Day 1 we tagged the line and fed the webbing across just in time before a thunderstorm came in. The line was crossing across a sandstone alcove with the North and South Six Shooters as the audience.
Feeding over 950 feet of double up webbing is no easy task with a team of 2. (1 person on each side. ) Special thanks to Simon and Meg for coming to the rescue helping with this task!
Doug rigged the static side and pulled the webbing over by himself. We are able to have one person rig the static side on longer lines in combination with a Protraxion, Handheld Ascender and tagline thats thick enough to fit into the Protraxion. This allows for a capture progress system that can be manned by one person.
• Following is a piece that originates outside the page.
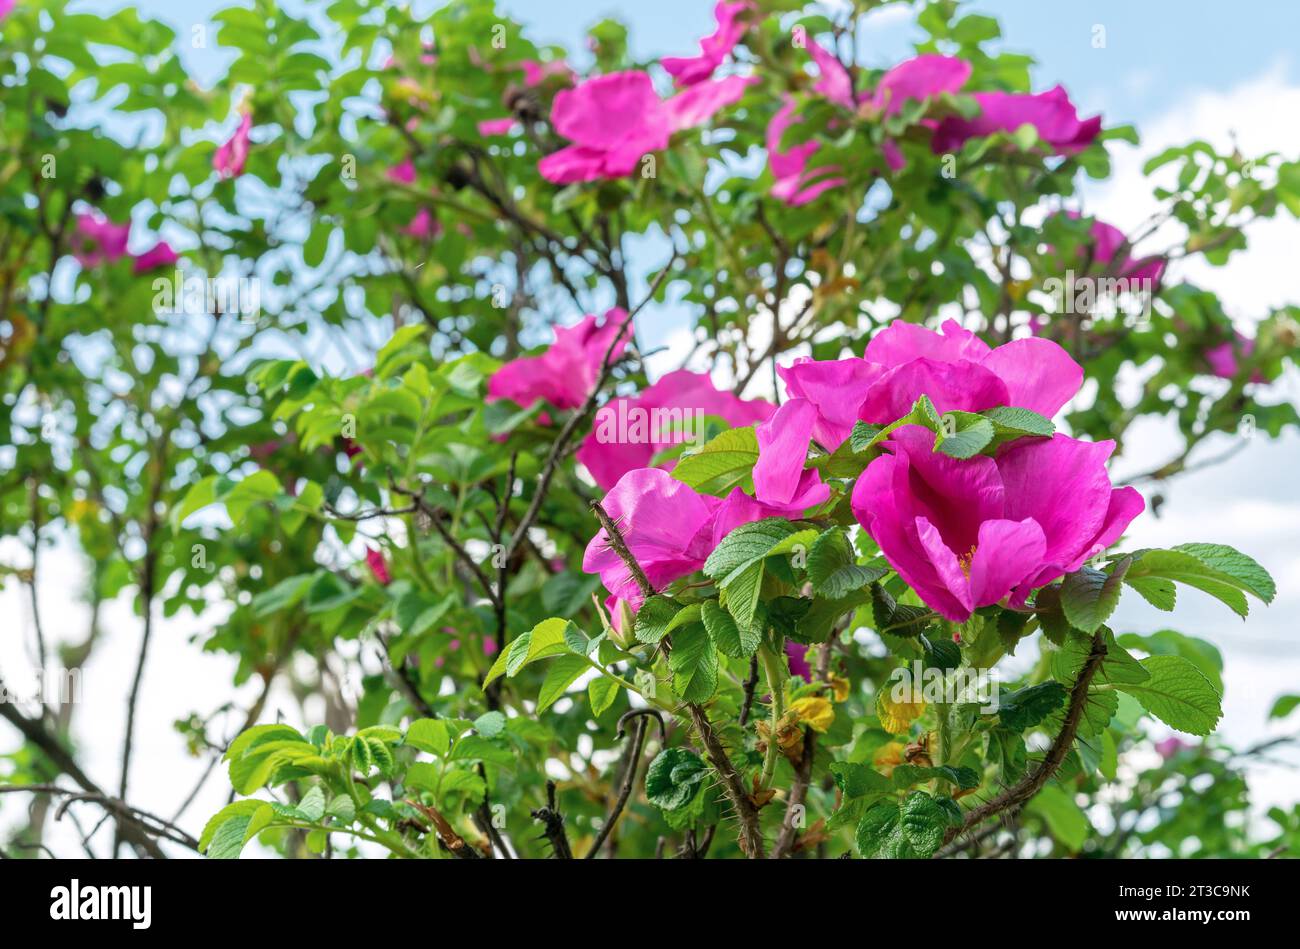 Purple flowers rose hips or briar, wild rose, dog rose in the autumn garden. Stock Photo

On the Tensioning side we fed out the webbing through a redirect systyem using 3 "Slacktivity Hangovers." This helped keep the webbing off the cliff while we fed it out of the haul bag.
The line was rigged and we begun the session! It's amazing to feel the space these kind of lines can allow for you to experience. The amazing sandstone backdrop made us feel far away from our colorado granite.
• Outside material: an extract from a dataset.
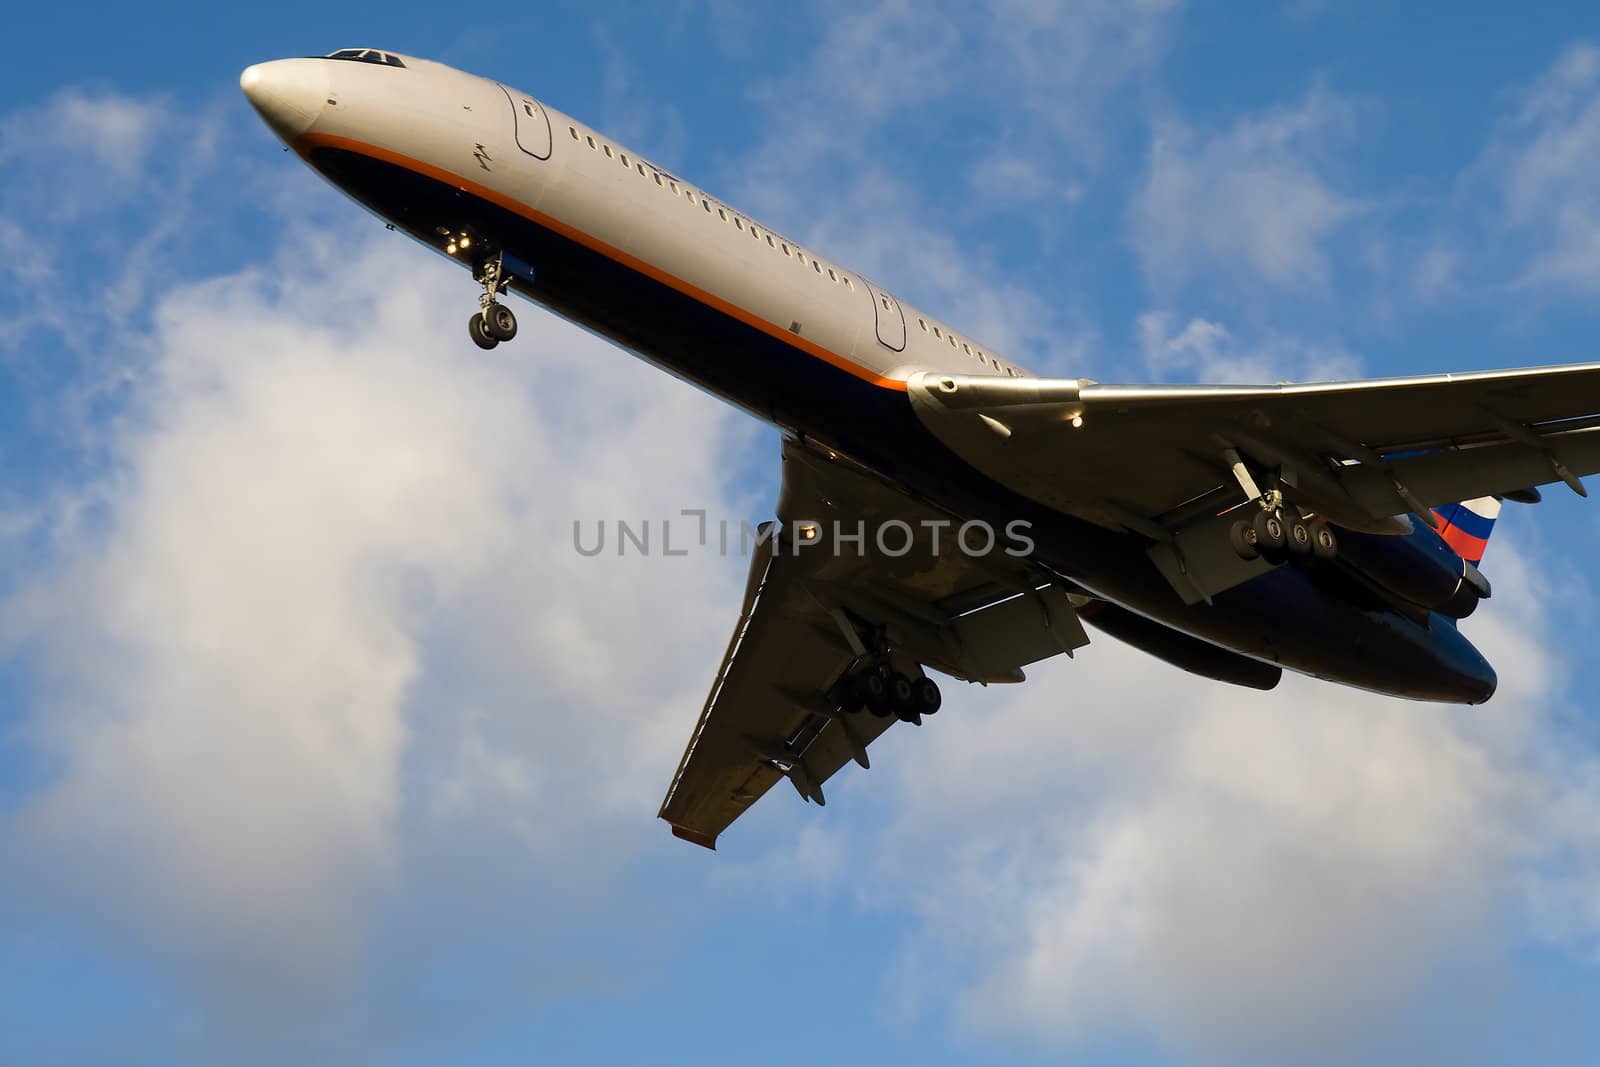 Passenger airplane taking off in blue sky with clouds

Our anchors consisted of 10mm static rope with whoopie sling bolt tie offs to the master point. We then extended out the placement of our weblocks over the cliffside to minimize abrasion with a 6 foot purple spanset. I prefer this method in moab because it reduces the concern for cliffside webbing damage.
Our walking session ended early due to nasty wind, but our trip continued to the valley floor splitter cracks! Indian Creek has so much potential for long and aesthetic highlines. I can't wait to get back out there and rig more!